Fix 1Password secret tasks always reporting changed in ringtail playbook (#213)

## Summary
- Replace `changed_when: true` with `register` + output inspection on the two 1Password secret tasks in `ringtail.yml`
- Tasks now correctly report `ok` when the secret content hasn't changed, and `changed` only when `kubectl apply` outputs `configured` or `created`

## Test plan
- [ ] Run `mise run provision-ringtail` twice — second run should show both tasks as `ok` not `changed`

🤖 Generated with [Claude Code](https://claude.com/claude-code)

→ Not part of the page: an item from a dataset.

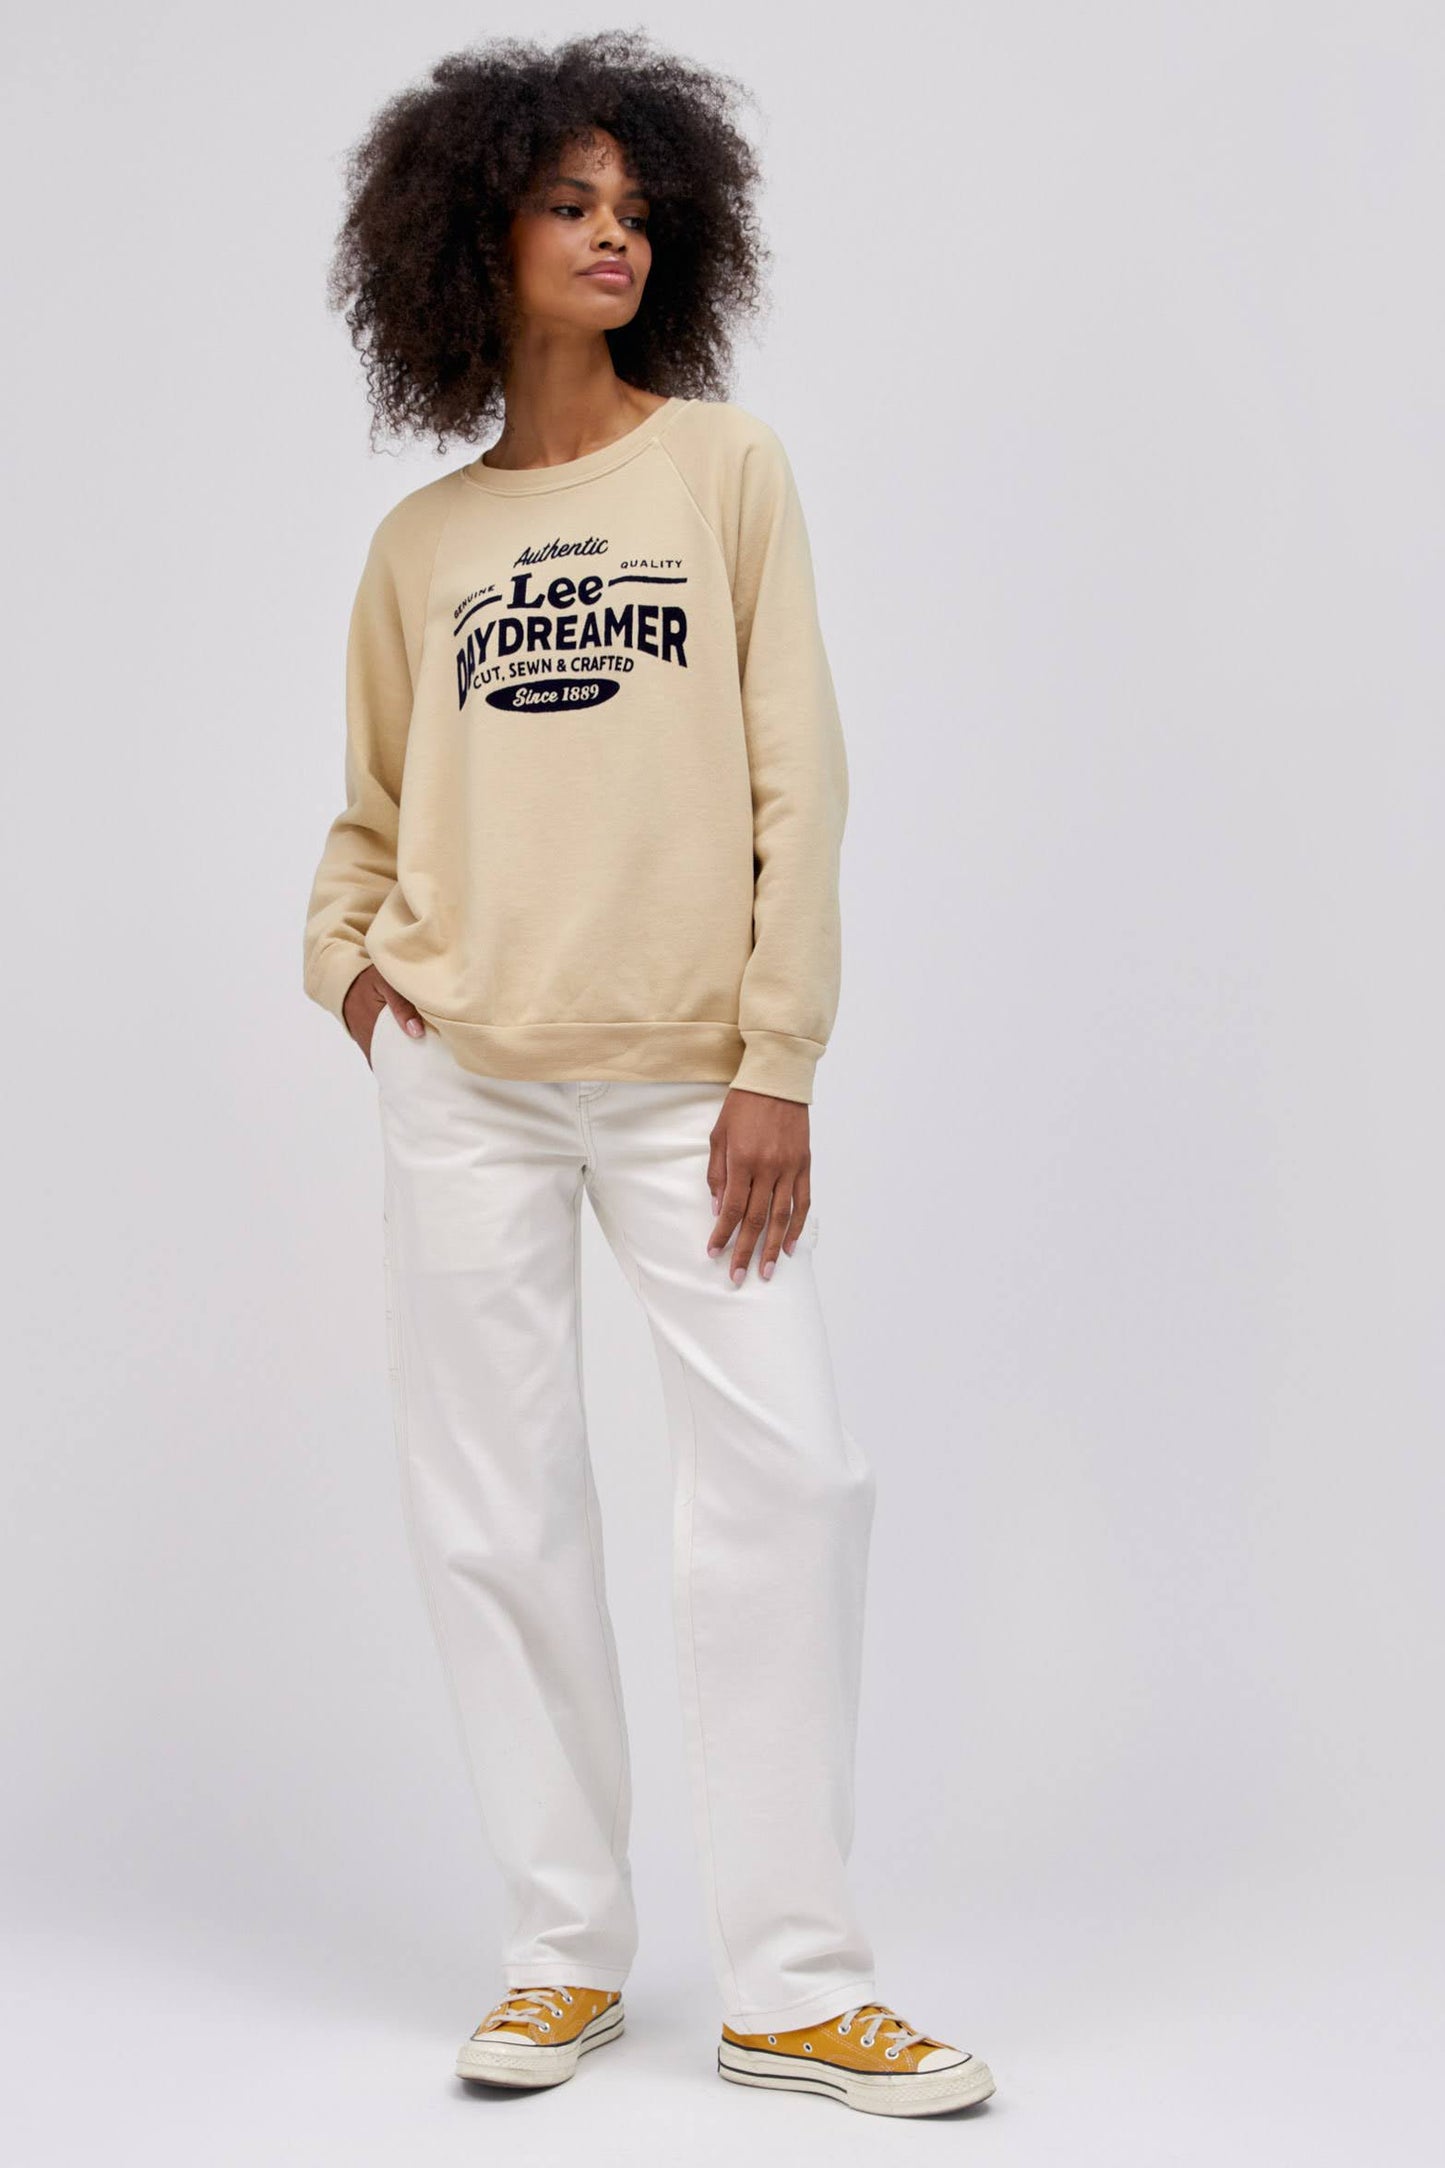 curly haired model wearing khaki colored sweatshirt and posing with hand in pocket of white workwear pants
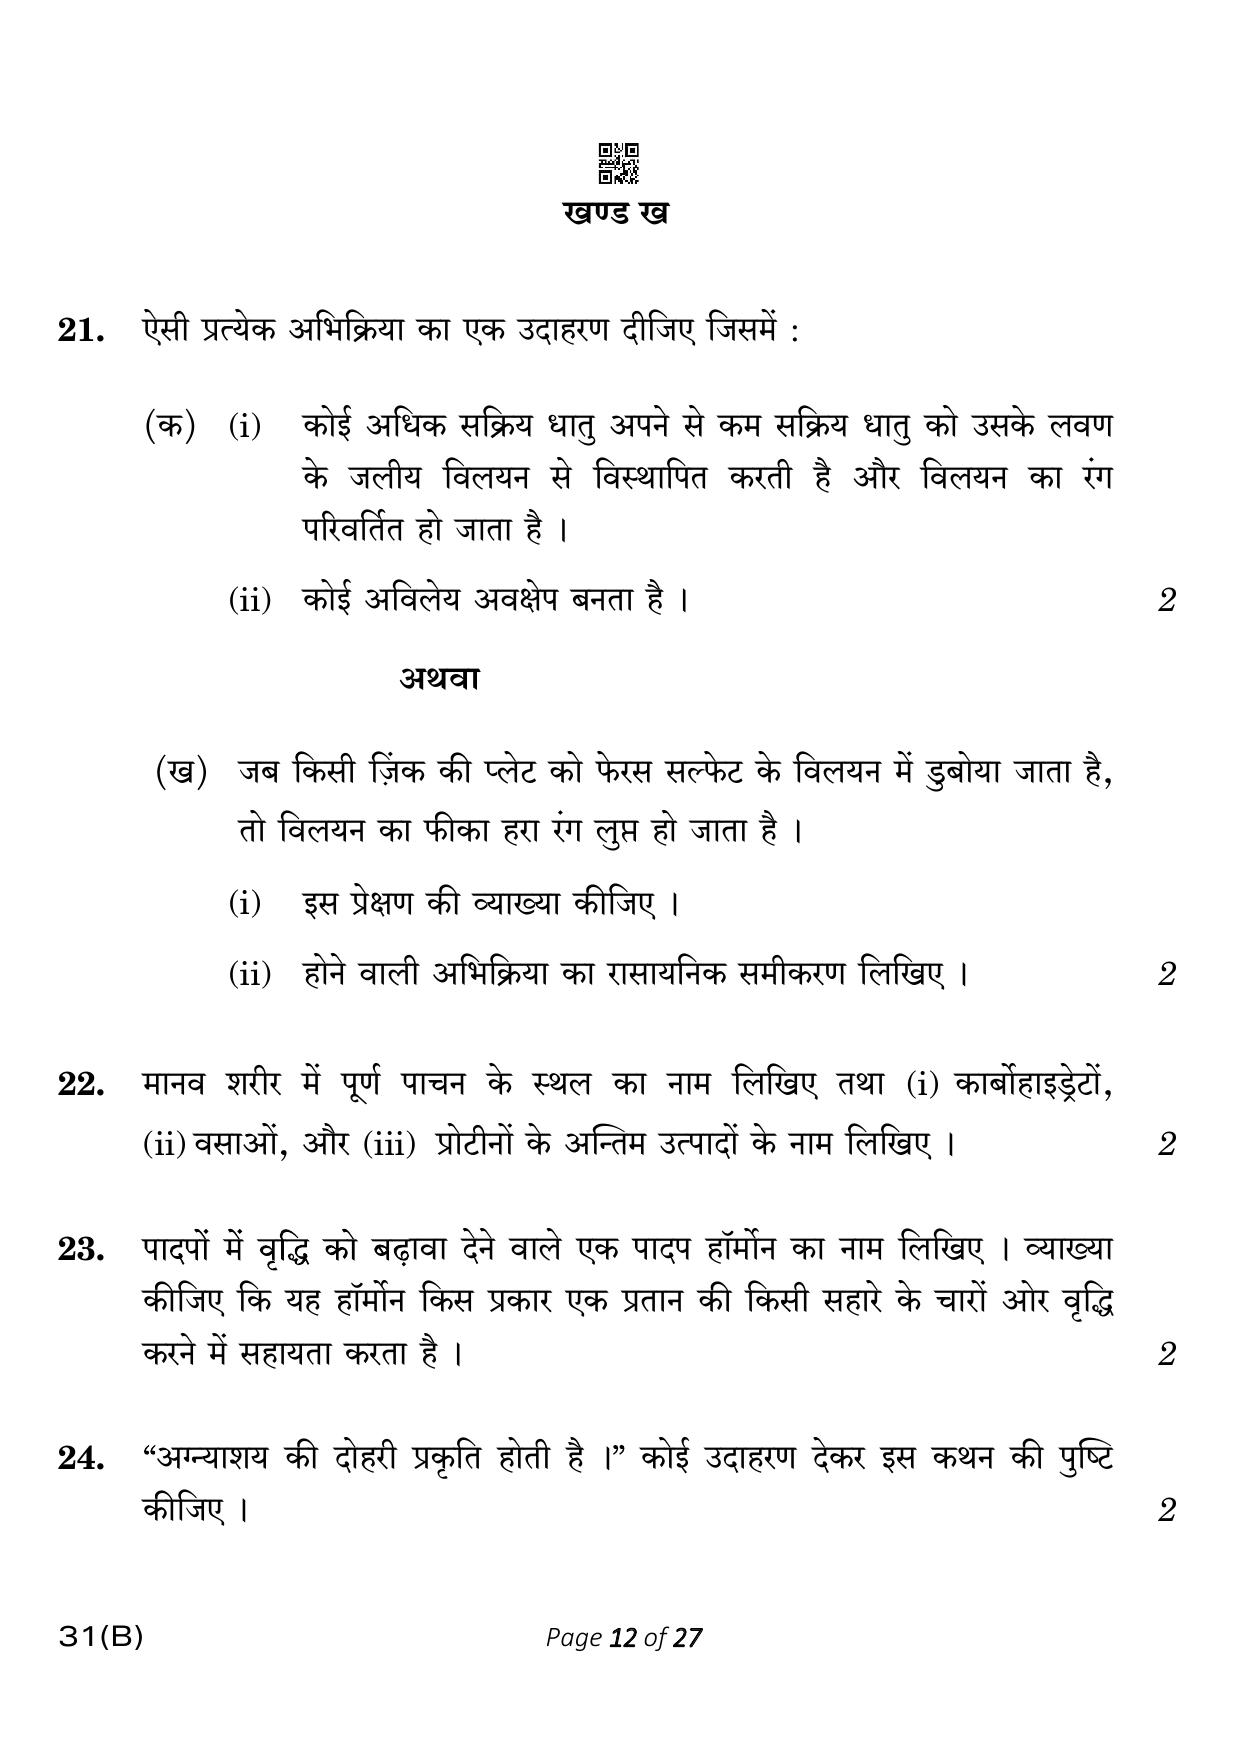 CBSE Class 10 31-B Science 2023 (Compartment) Question Paper - Page 12

Reviewed-on: https://forge.ops.eblu.me/eblume/blumeops/pulls/213

ansible/playbooks/ringtail.yml

@@ -100,7 +100,8 @@
             --from-literal=1password-credentials.json='{{ _op_credentials.stdout }}' \
             --dry-run=client -o yaml | k3s kubectl apply -f -
         executable: /run/current-system/sw/bin/bash
-      changed_when: true
+      register: _op_credentials_apply
+      changed_when: "'configured' in _op_credentials_apply.stdout or 'created' in _op_credentials_apply.stdout"
       no_log: true
 
     - name: Create or update onepassword-token secret
@@ -112,5 +113,6 @@
             --from-literal=token={{ _op_token.stdout }} \
             --dry-run=client -o yaml | k3s kubectl apply -f -
         executable: /run/current-system/sw/bin/bash
-      changed_when: true
+      register: _op_token_apply
+      changed_when: "'configured' in _op_token_apply.stdout or 'created' in _op_token_apply.stdout"
       no_log: true

docs/changelog.d/fix-ringtail-1password-secrets-idempotent.bugfix.md

@@ -0,0 +1 @@
+Make 1Password secret tasks in ringtail playbook idempotent by checking kubectl apply output instead of always reporting changed.